Zhuang Z, Costa M
Nelson Institute of Environmental Medicine, New York University Medical Center, New York 10016.
Environ Health Perspect. 1994 Sep;102 Suppl 3(Suppl 3):301-4. doi: 10.1289/ehp.94102s3301.

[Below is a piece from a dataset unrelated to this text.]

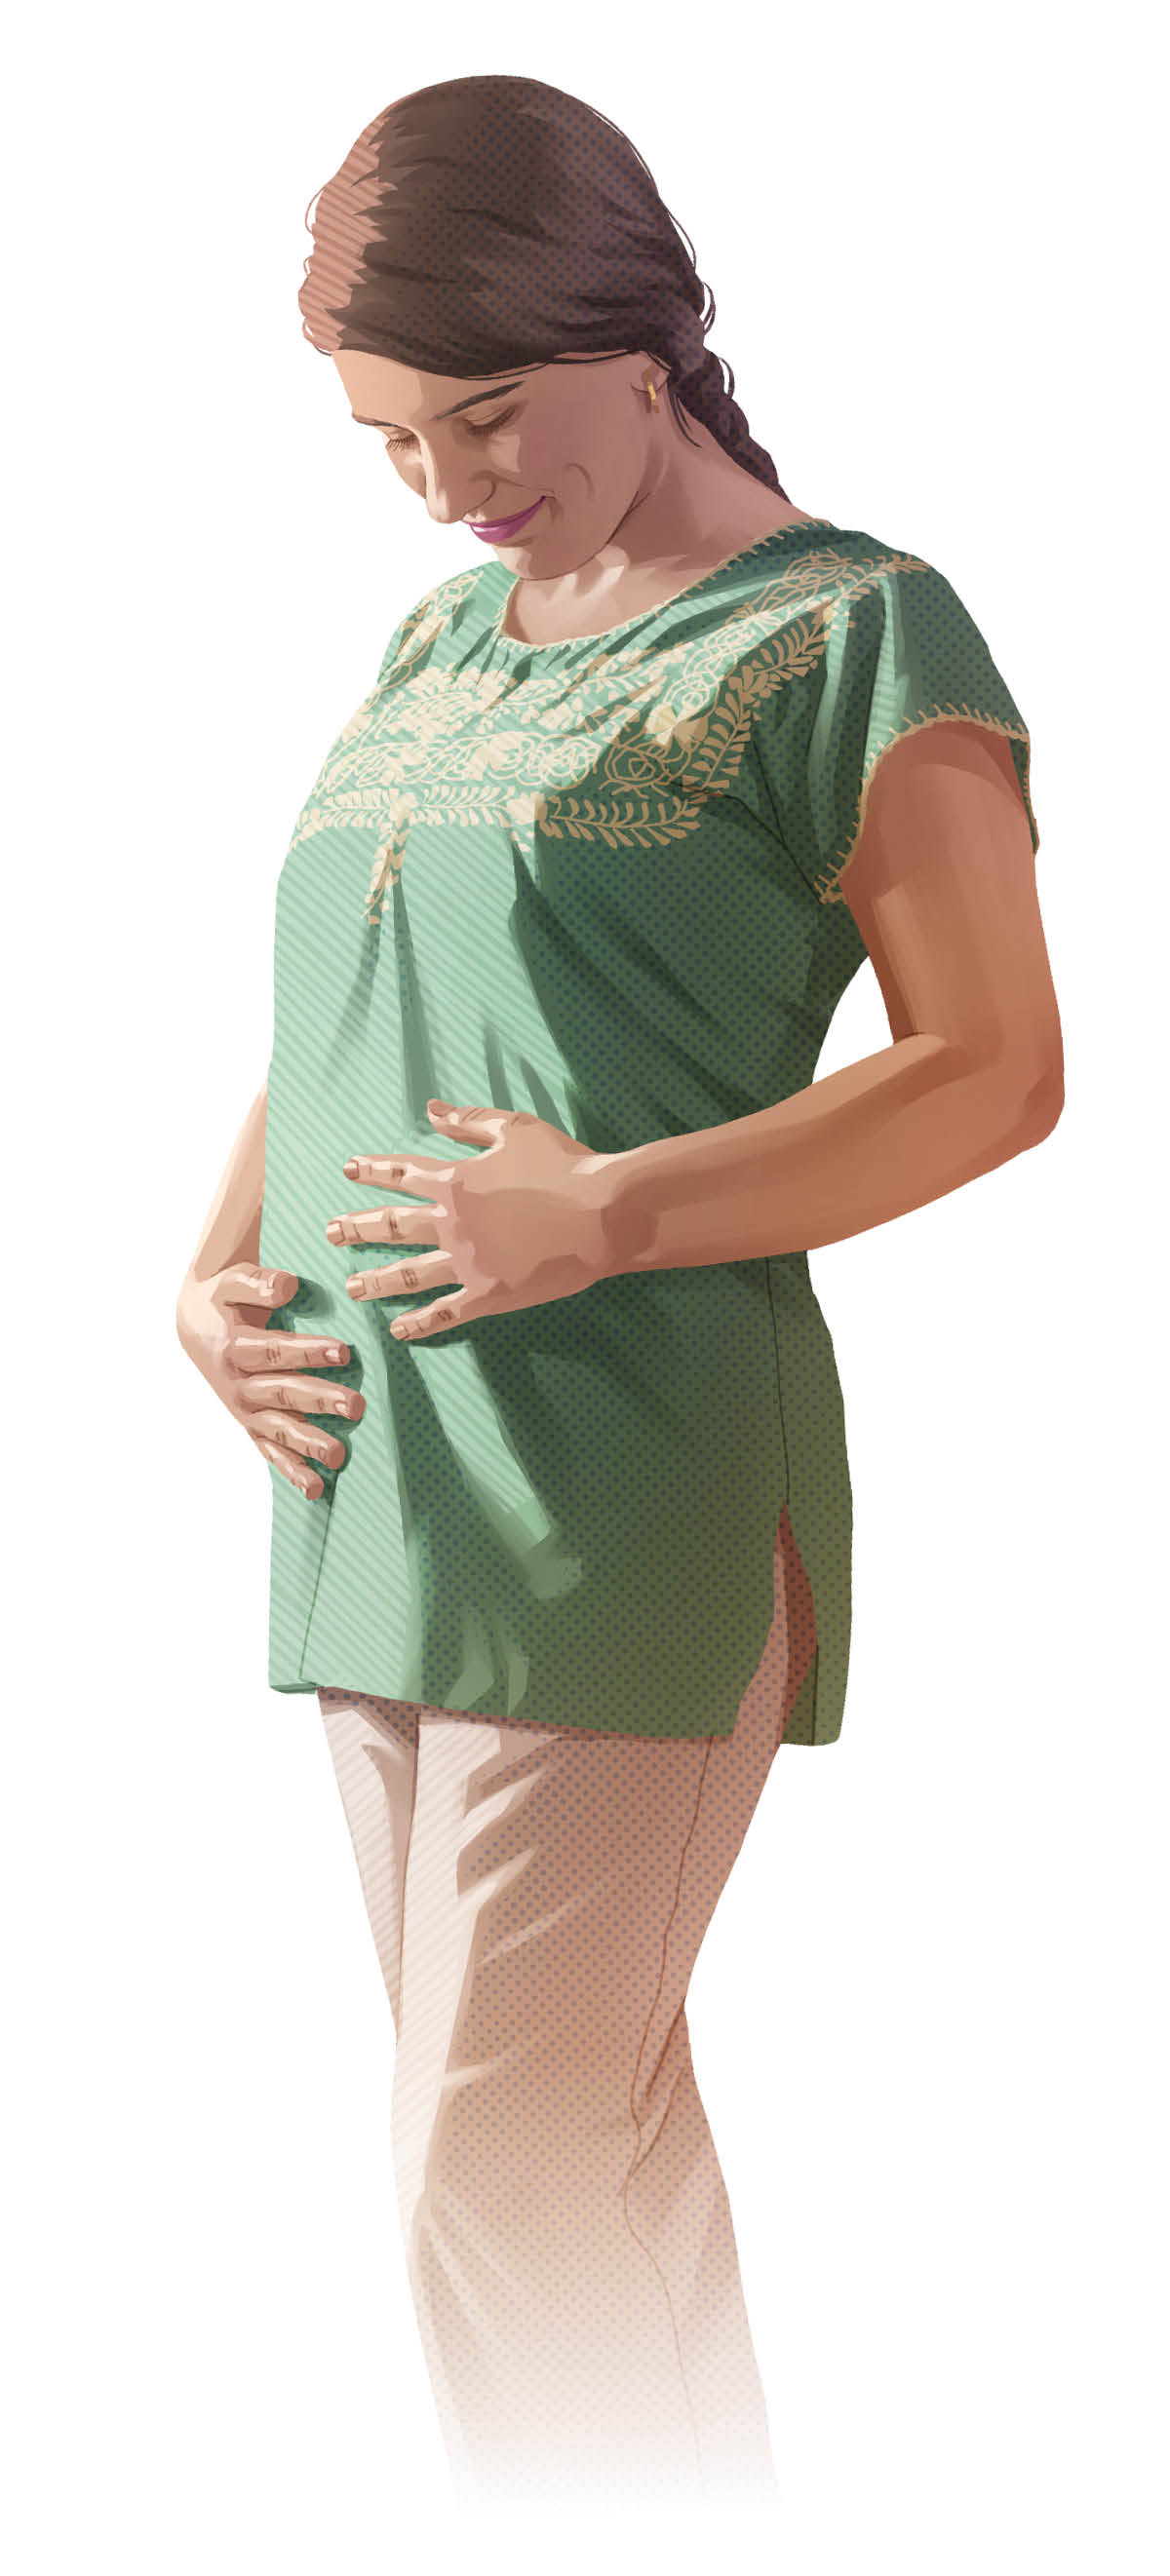 Una donna incinta si accarezza la pancia.

A rapid, simple, and sensitive 125I-postlabeling technique has been developed to allow detection of DNA-protein cross-links induced by environmental contaminants and carcinogens. This method is based on specific incorporation of 125I into tyrosine residues associated with DNA. Cultured Chinese hamster ovary cells were exposed to various crosslinking agents, e.g., UV light, K2CrO4, or NiCl2. DNA was isolated by proteinase K/phenol/chloroform. The residual peptides cross-linked to DNA were radioiodinated with Na125I and chloramine T. After repeated precipitation with ethanol, the radioactivity was determined. The 125I method was compared with a 3[H]-tyrosine prelabeling method and found to be of similar sensitivity.
已开发出一种快速、简单且灵敏的¹²⁵I后标记技术,用于检测环境污染物和致癌物诱导的DNA-蛋白质交联。该方法基于将¹²⁵I特异性掺入与DNA相关的酪氨酸残基中。将培养的中国仓鼠卵巢细胞暴露于各种交联剂,如紫外线、重铬酸钾或氯化镍。通过蛋白酶K/苯酚/氯仿分离DNA。与DNA交联的残留肽用¹²⁵I化钠和氯胺T进行放射性碘化。用乙醇反复沉淀后,测定放射性。将¹²⁵I方法与³[H]-酪氨酸预标记方法进行比较,发现灵敏度相似。